** PROVIDED DATA follows **
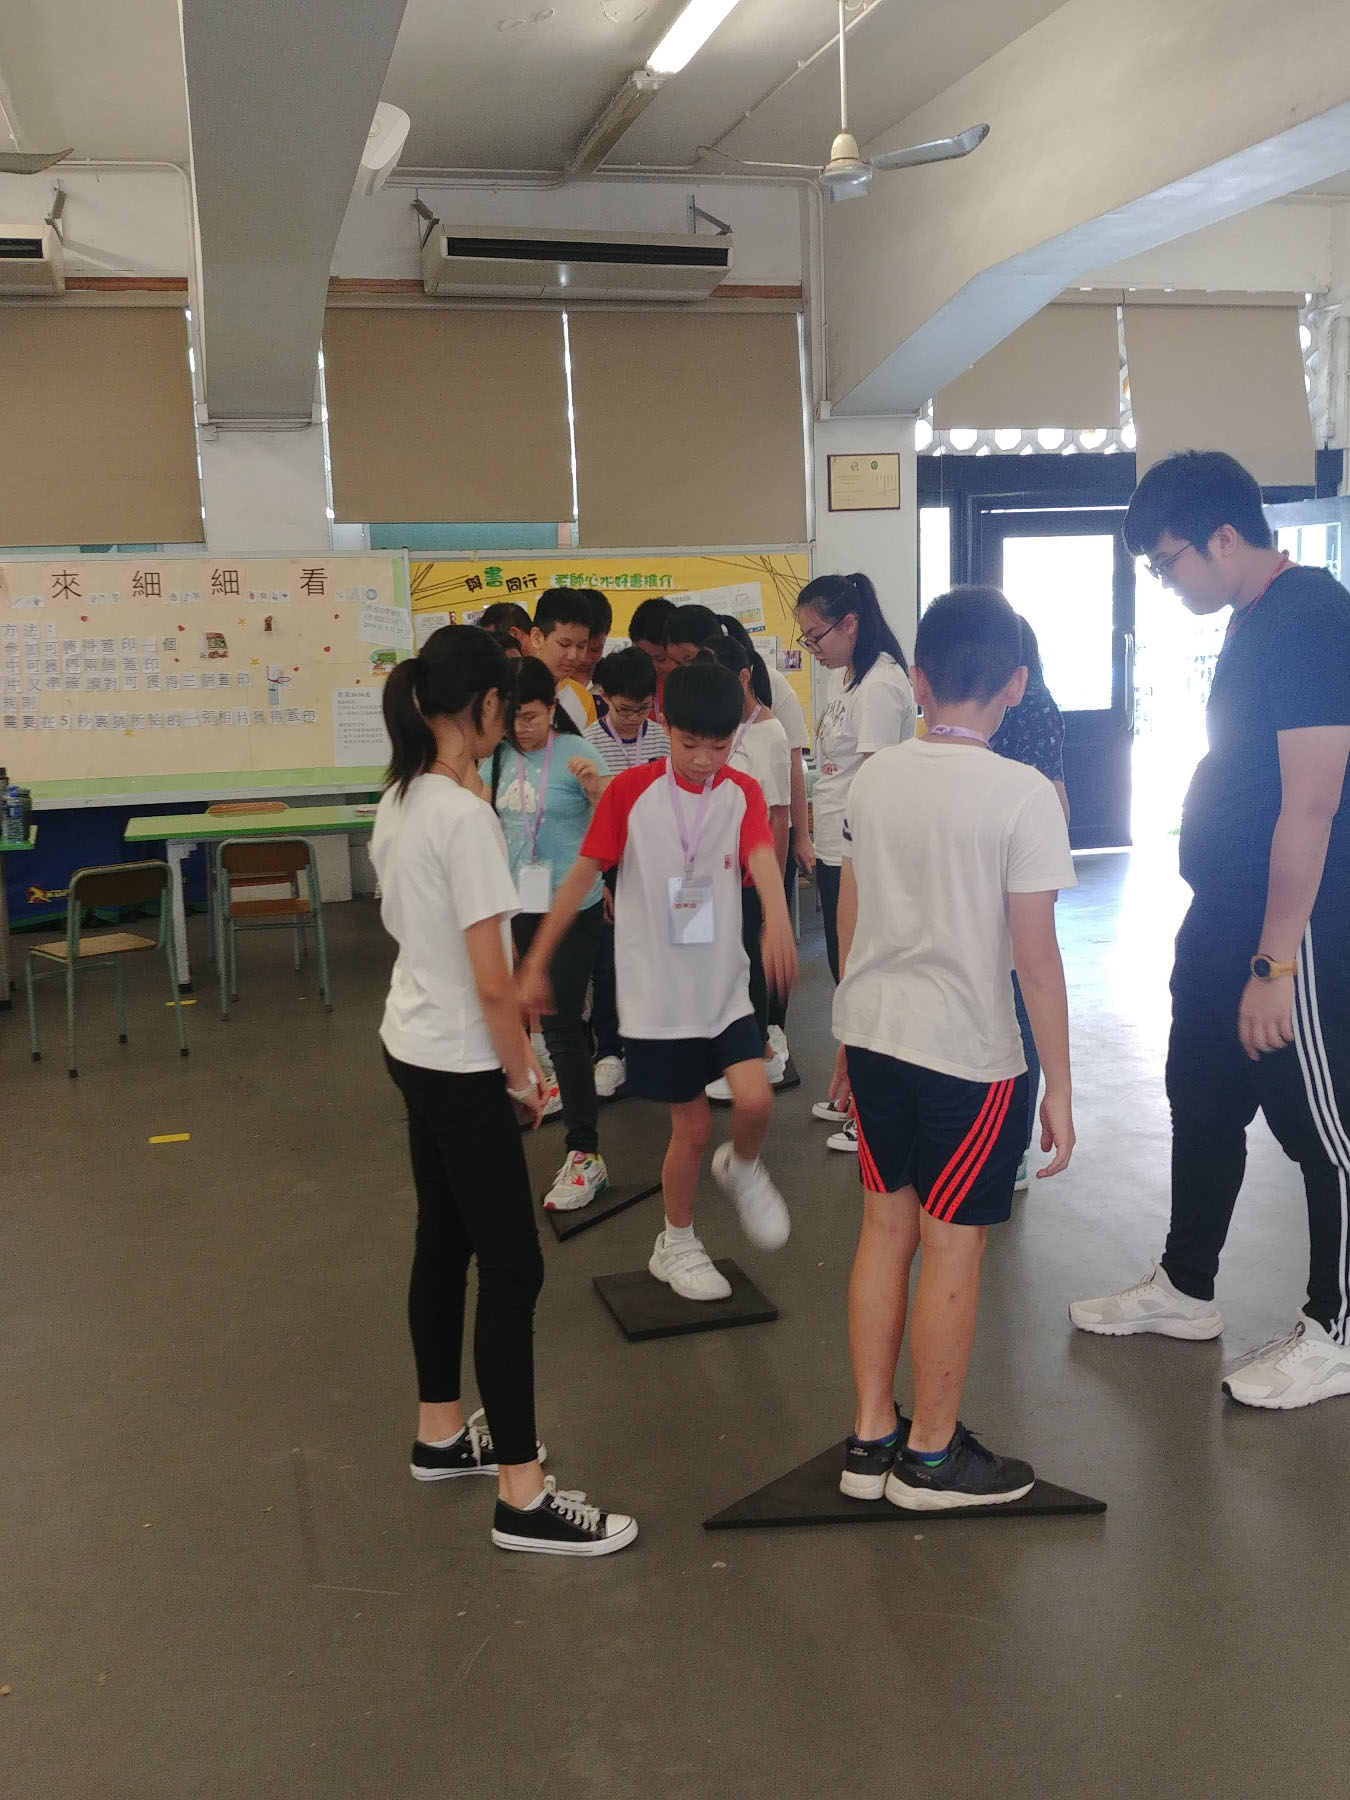 https://npc.edu.hk/sites/default/files/20190814_104916.jpg
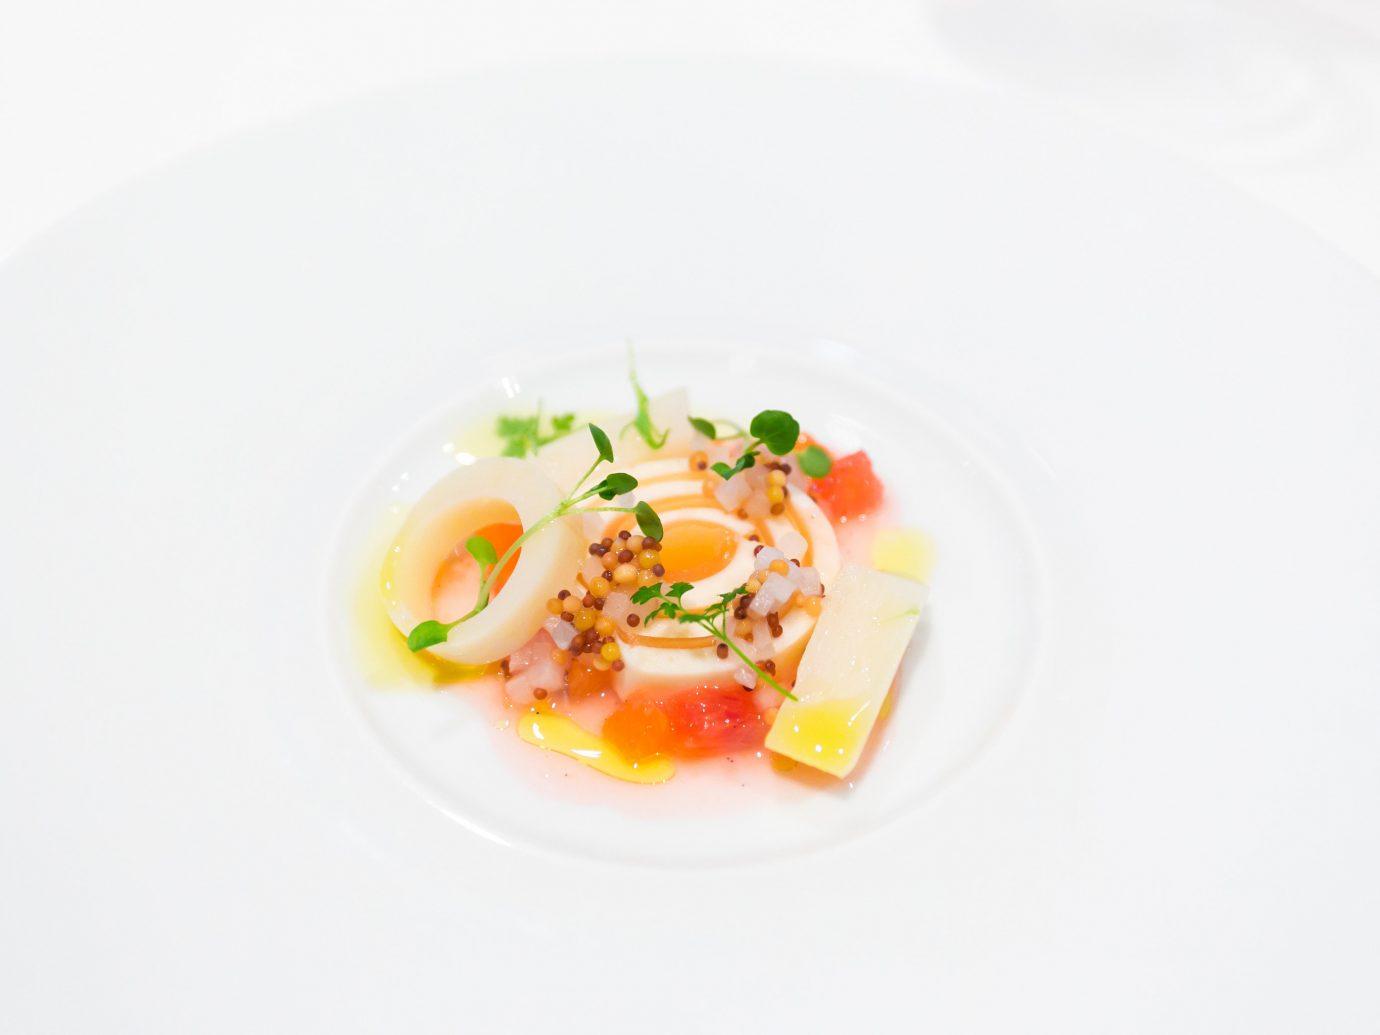 Hotels Romance Spa Retreats Trip Ideas plate food dish cuisine meal fish produce white vegetable breakfast soup piece de resistance
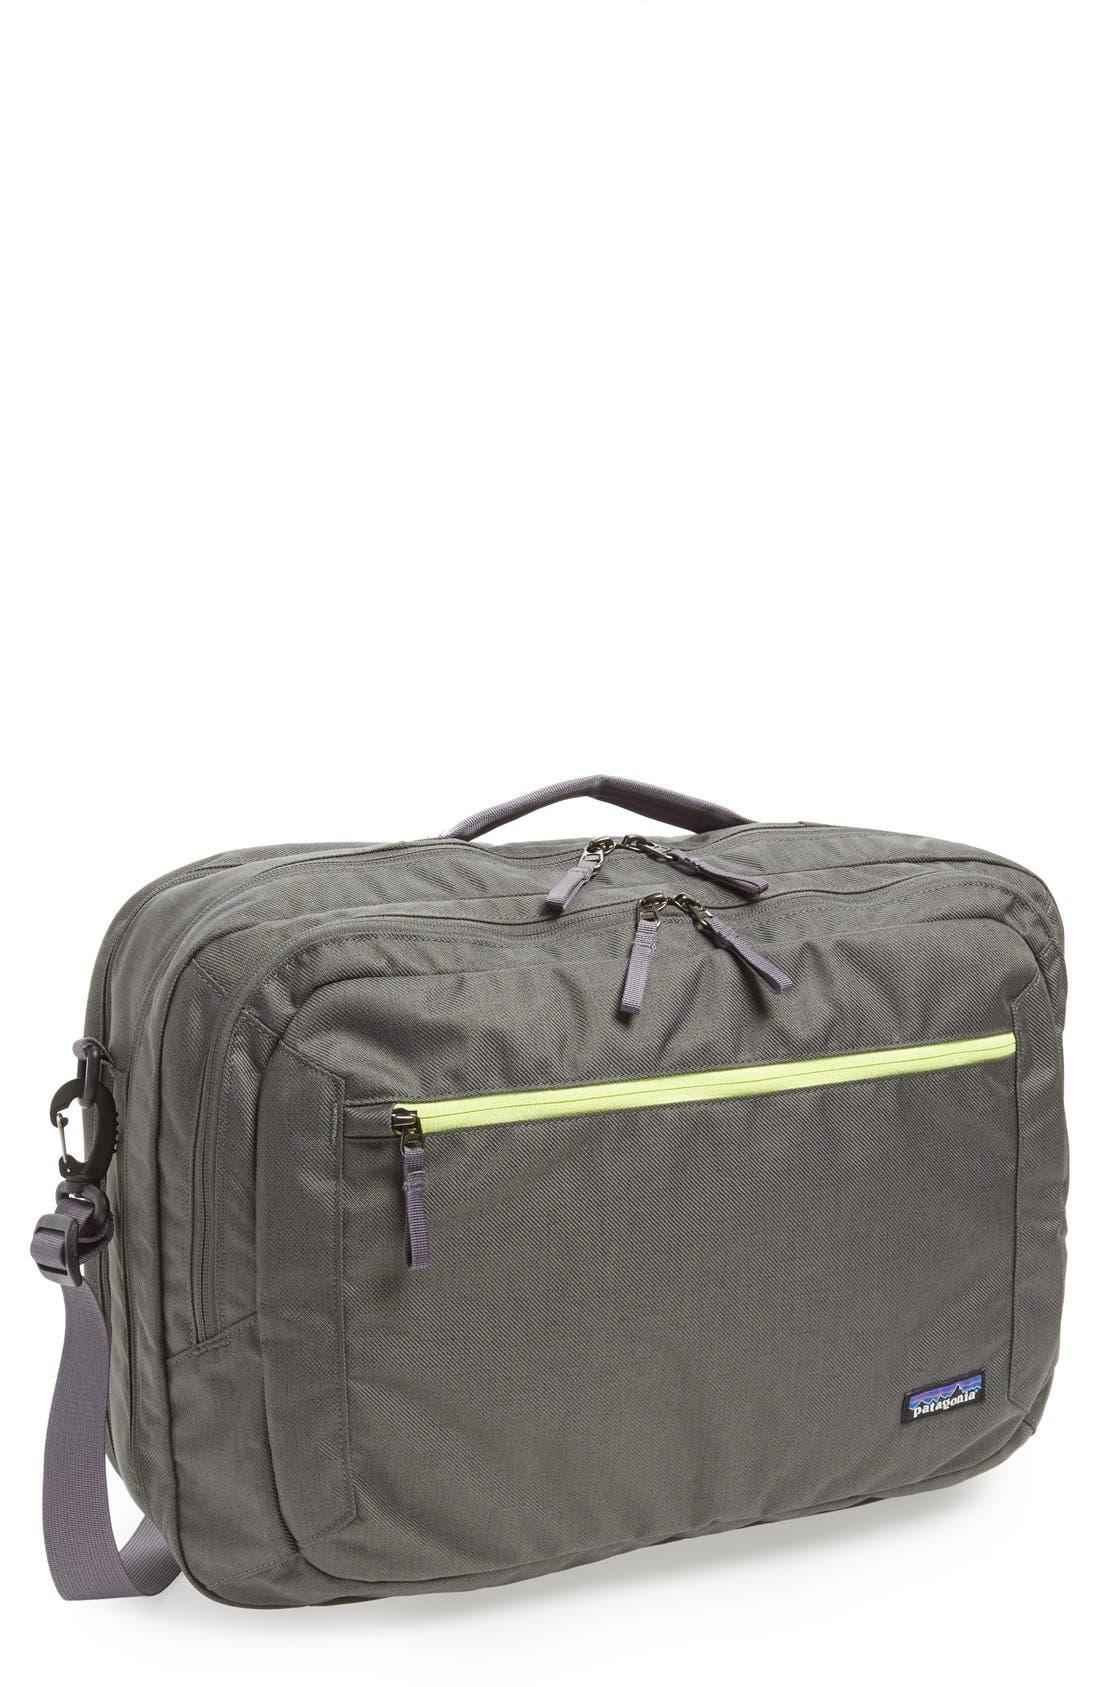 Alternate Image 1 Selected - Patagonia 'Transport' Messenger Bag
** End of PROVIDED DATA **
→ **WORK INSTRUCTIONS**: Copy out every line above, word for word, minus images.

→ **RESPONSE AREA**:
 https://npc.edu.hk/sites/default/files/20190814_104916.jpg
 Hotels Romance Spa Retreats Trip Ideas plate food dish cuisine meal fish produce white vegetable breakfast soup piece de resistance
 Alternate Image 1 Selected - Patagonia 'Transport' Messenger Bag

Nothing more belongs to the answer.